Религия есть прежде всего соединительное звено между относительным и тем абсолютным, бесконечным и совершенным, которое постигал Герберт Спенсер. Она есть в то же время стремление развивать и направлять к совершенству нашу субъективную жизнь и познание, чувство связи между внешним, частным, ограниченным, неверным бытием и общим источником всякого бытия, — чувство, которое, как говорит Спенсер, само собою обнаруживается и как бы застигается нами врасплох в том, что мы называем сознанием.
Мы не можем всецело стать на сторону объективизма, так как в действительности между субъектом и объектом нет настоящего разделения. Для того, чтобы уловить объект, как нечто обособленное, надо искусственно задать его себе, как задает себе математик условия задачи. объект и субъект, как они даны нам в природе, как они существуют в действительности, составляют одно. Разум человеческий, с целью привести себя в соприкосновение с вещами, создает абстракции, сводит реальные объекты к понятиям, и значительную часть этой работы совершает безотчетно. Религия есть таинственное сознание реальности жизни, реальности души и ее связи с другими существами, которые в свете нашего рассудка кажутся обособленными объектами, механически сталкивающимися между собой наподобие атомов Демокрита.
Вот почему религия не может состоять в одном только утверждении и немом обожании непознаваемого трансцендентного. Герберт Спенсер дает нам или слишком много, или слишком мало, как справедливо упрекают его непримиримые натуралисты. „Человечество“ Огюста Конта мы признали понятием несовершенным и несостоятельным на том основании, что человек в основе своей есть существо, непрестанно выступающее за пределы себя самого. С еще большим правом отказываемся мы последовать за Гербертом Спенсером в его попытке поставить людей лицом к лицу с существом, из которого все проистекает, лишь для того, чтобы затем сказать им, что существо это для них совершенно непостижимо, что оно ничего не может им дать.
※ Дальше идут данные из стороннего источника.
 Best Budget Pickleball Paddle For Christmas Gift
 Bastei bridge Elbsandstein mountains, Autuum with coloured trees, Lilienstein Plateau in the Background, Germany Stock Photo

Припомним цитированную выше фразу: „Is it not just possible that there is а mode of being as much transcending intelligence and will as these transcend mechanical motion“? „Разве невозможно допустить, что существует форма бытия, в такой же степени превосходящая разум и волю, в какой эти последние превосходят механическое движение?“
Выставить такое положение значит идти слишком далеко. Как, постигая возможность такой формы бытия, удержаться от желания, чтобы она была не только возможной, яо и действительной? Как не искать средств для того, чтобы превратить эту возможность в действительность! Разве разум, воля человеческая не есть усилие дать форму идеалу, заставить его спуститься в наш мир, в нашу жизнь? И не являются ли естественным и необходимым дополнением к словам Герберта Спенсера другие известные слова: „Да придет царство твое, да будет воля твоя, на земле, как на небе“ Другими словами: „Будем молиться и действовать, чтобы это вышнее царство истины, красоты и добра, которое предвидит человеческий разум, не осталось простым идеалом, чтобы оно пришло к нам, чтобы оно реализовалось не только в Непознаваемом и трансцендентной религии абсолютного, но и в том мире, где мы живем, где мы любим, страдаем и работаем; не только на небе, но и на земле.